From all this, we can presume that even if the font used in an OS X Unicode savvy application is not available in a Classic application, there is always the Unicode data. So, extracting this Unicode data from the clipboard record, and converting it to a Styled Text data in Classic OS format, it will be possible to paste the text to a Classic application. This is what my script "convertUnicode2STXT" tries to do.
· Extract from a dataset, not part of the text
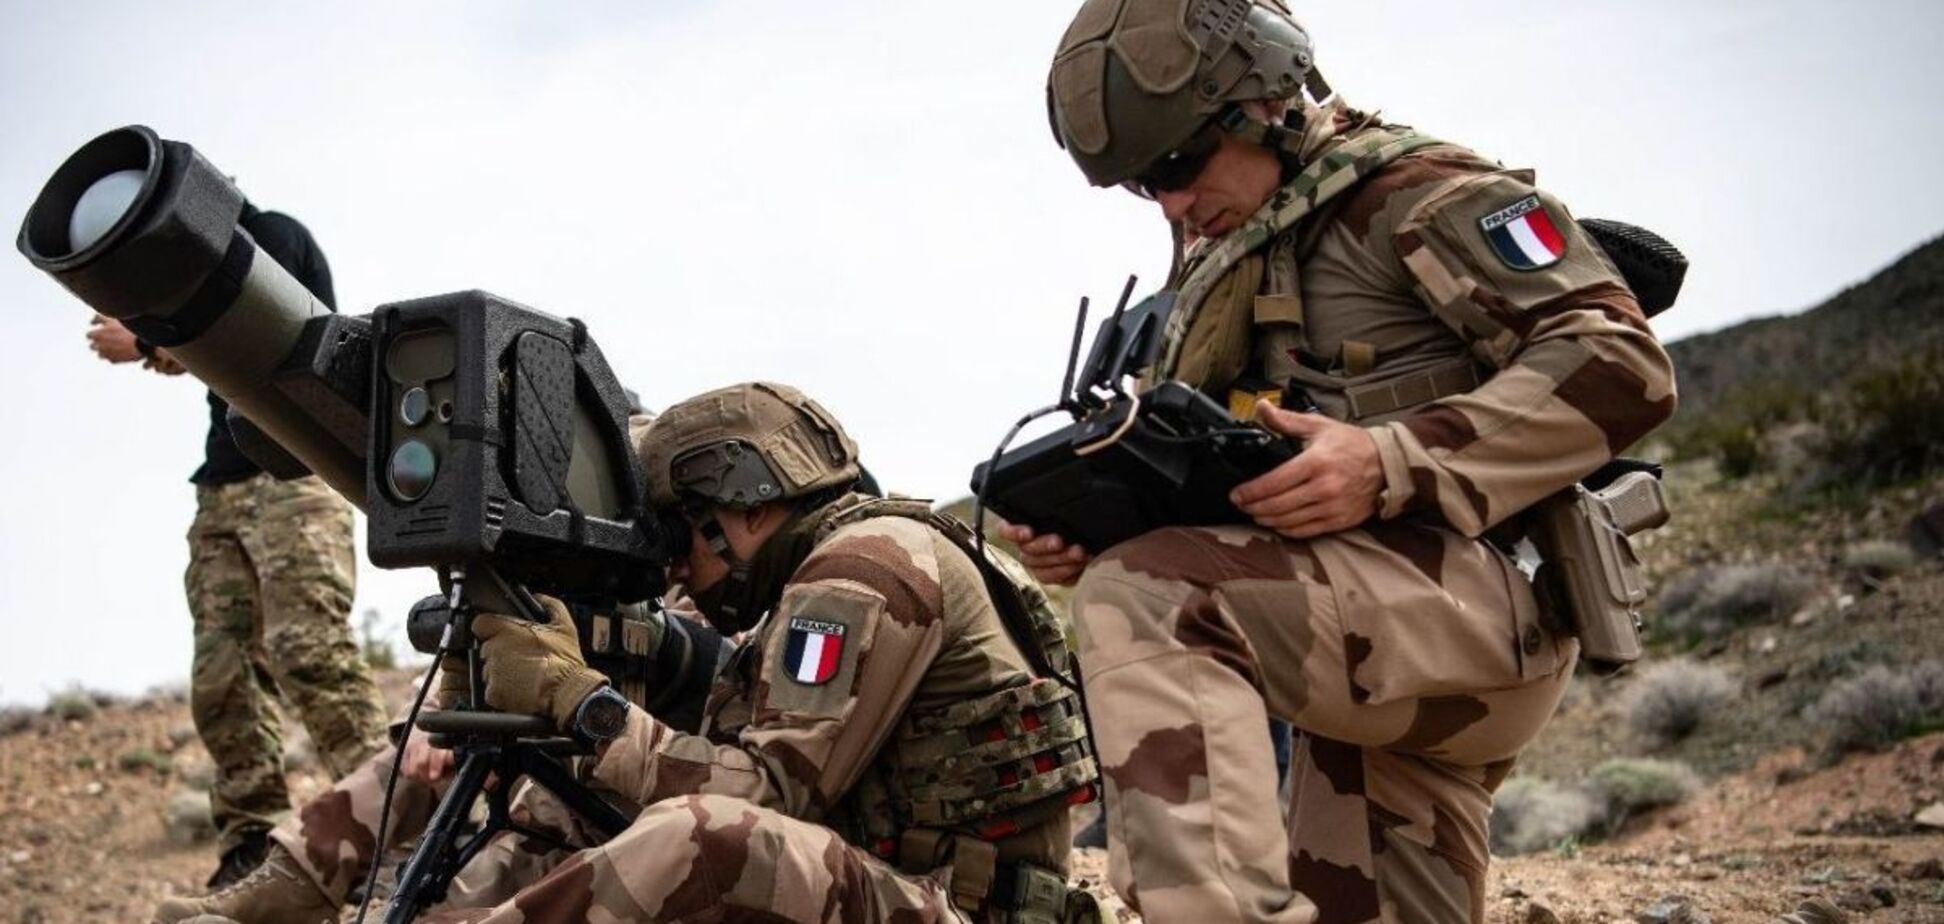 Французькі офіцери вивчають наш досвід та намагаються адаптуватись, – журналіст

Here is this script:

try
	try
		set theText to Unicode text of (the clipboard as record)
	on error errMsg
		try
			set theText to (the clipboard) as Unicode text
		on error errMsg
			
		end try
	end try
	try
		set theText to Unicode2StyledText theText fromCode "UNICODE-2-0"
	on error errMsg
		
	end try
on error errMsg
	display dialog errMsg
	return
end try

set the clipboard to theText

I borrowed the idea of the first lines, in which I try to get the Unicode data from the clipboard record, from John Delacour's web page http://www.bd8.com/eudora/multilingual/, and his script "Paste clip -> utf8" that can be downloaded from that page.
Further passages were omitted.